Steve Hockensmith, The Crack in the Lens: A Holmes on the Range Mystery

Steve Hockensmith, The Crack in the Lens: A Holmes on the Range Mystery
© 2009 Steve Hockensmith
Minotaur Books 2009
ISBN   978-0312379421
Also available as an ebook.

Looking through my library of ebooks, I realized I had not kept up with the adventures of the Amlingmeyer brothers, Gustav (Old Red) and Otto (Big Red), and decided it was time to see what they were up to.  And, apparently, they were about to be lynched.  That’s how The Crack in the Lens begins.

The Amlingmeyers are a pair of somewhat down-at-the-heels cowboys; Gustav is a devotee of the Sherlock Holmes stories (which Otto has to read to him), and Otto is an aspiring writer of detective fiction (although his tales are based on their own adventures, and on Gustav’s use of Holmesian techniques.  They are in the town of San Marcos, Texas, at Gustav’s insistence—he wants to discover the truth about the death of Adeline, the women he loved (and lost) five years earlier.  But things have changed in San Marcos, if only (to some extent) superficially.  Five years earlier, in 1888, it was a wide open cattle town, complete with saloons and prostitutes and all the accompanying features of a cattle town.  Now, there’s a church (or several), and all the bawdy houses have been moved out into the county (even if just barely).  There’s even a wallpaper store (and, yes, this maters).

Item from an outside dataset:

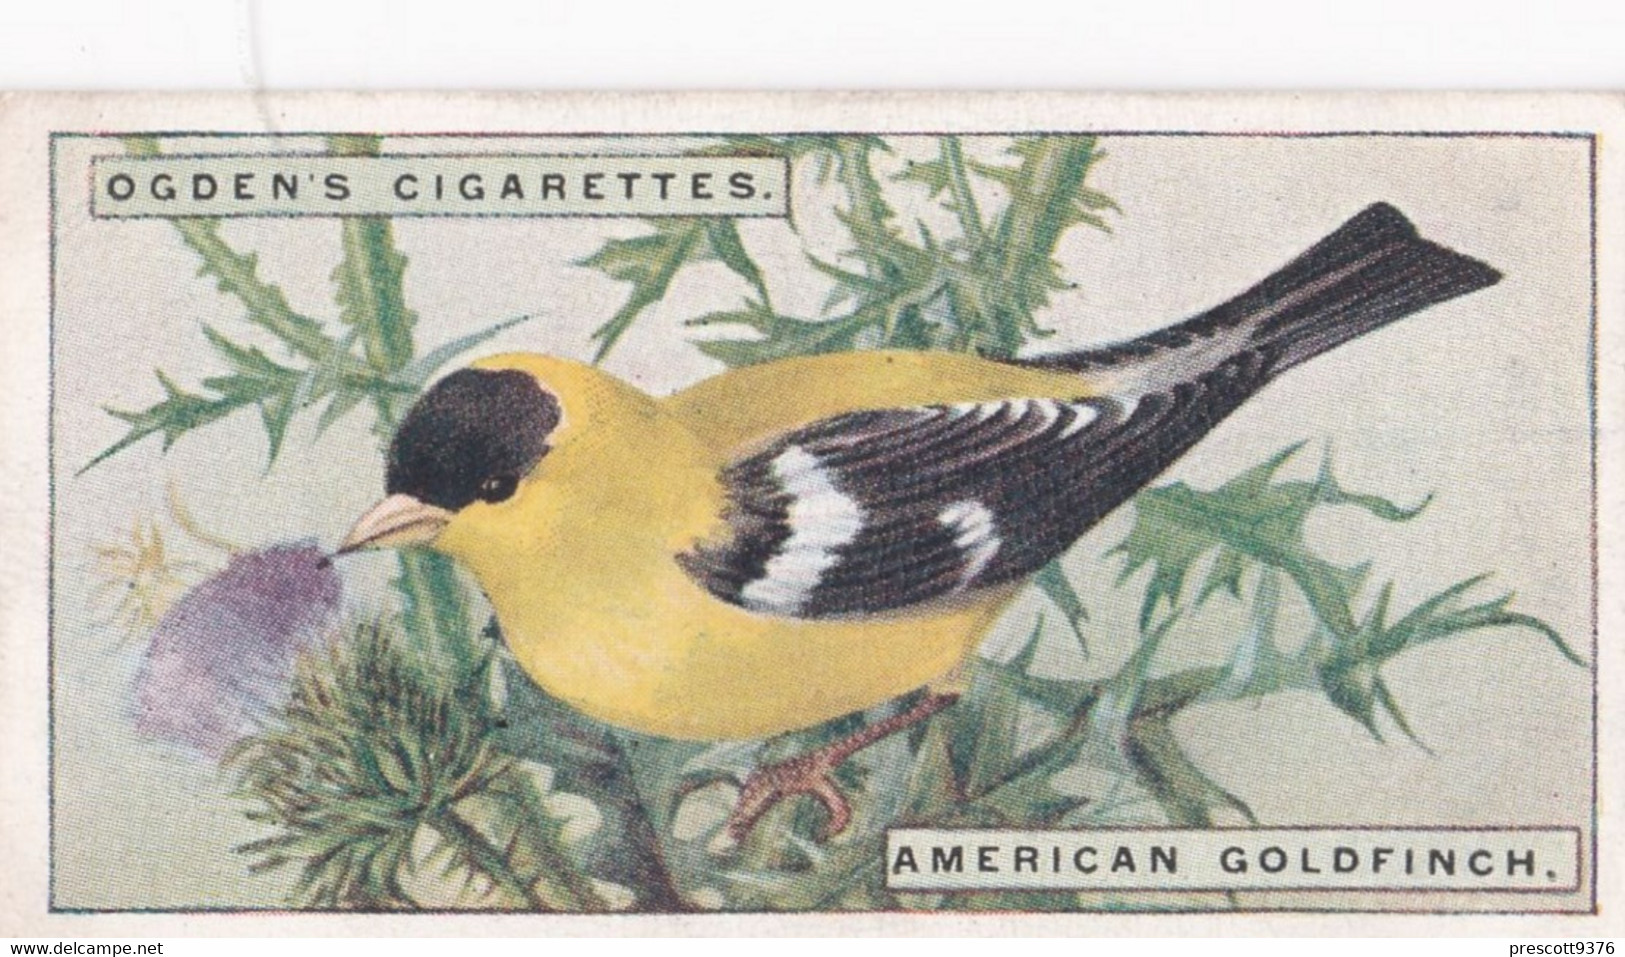 19 American Goldfinch  - Foreign Birds 1924 - Ogdens  Cigarette Card - Original - Wildlife - Ogden's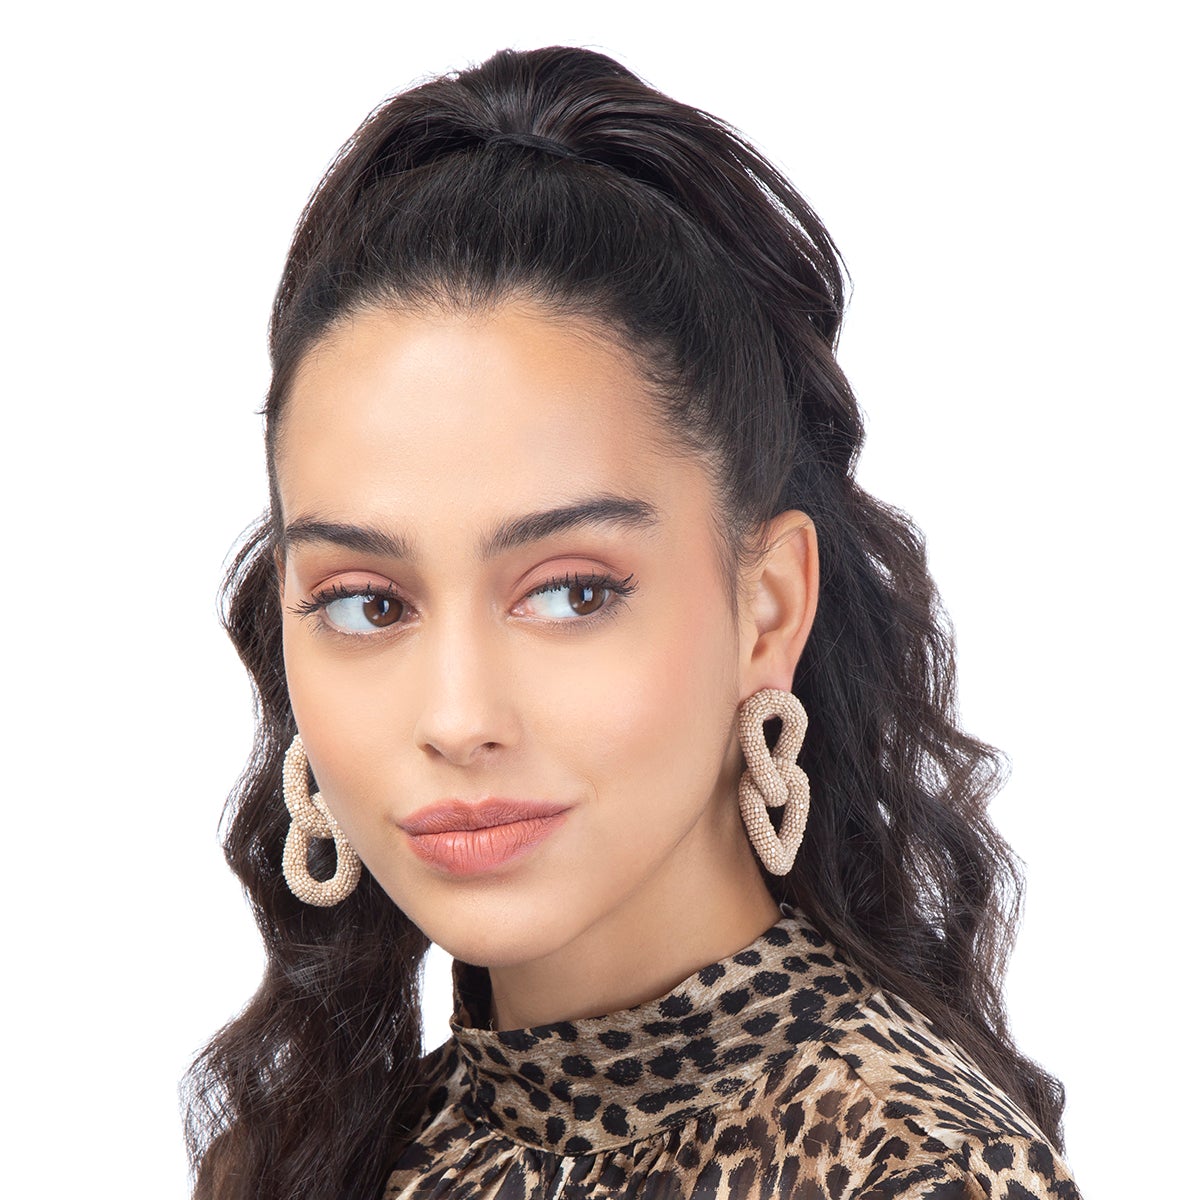 Model wearing two link beaded post earrings in champagne color

Old Red’s search for information about Adeline does not go well, and the owners of the place she worked (who now own the just-across-the-line bawdy house) are not pleased to see either of the boys.  In fact, it becomes very dangerous.  In their search, they encounter the Kreigers (Mr. Kreiger is the only photographer in town, with something of a specialization in death portraits); Milford Bales, formerly a barber, now the town Marshall; Sheriff Ike Rucker (the law then, now the law outside town); Horace Cuff (editor and publisher of the local newspaper, and transplanted Brit); Brother Landrigan (the local hellfire and-brimstone preacher); and assorted cowboys, goat ranchers, thugs, and fallen women.  Oh—Otto learns that his first book has actually been published!

Despite a rather broad overlay of humor, this is a fairly dark book, and there’s a good deal of violence and death before we reach the finale.  The story moves quickly, though, and the ending is logical (which, given Gustav’s veneration for Holmes, is just as well) and generally satisfactory.  If you have not made the acquaintance of the Amlingmeyers, I encourage you to do so (although starting at the beginning might be best, the books stand quite well on their own).  Next up in the series is World’s Greatest Sleuth!; there are also a number of short stories that I still need to find—and will be looking for.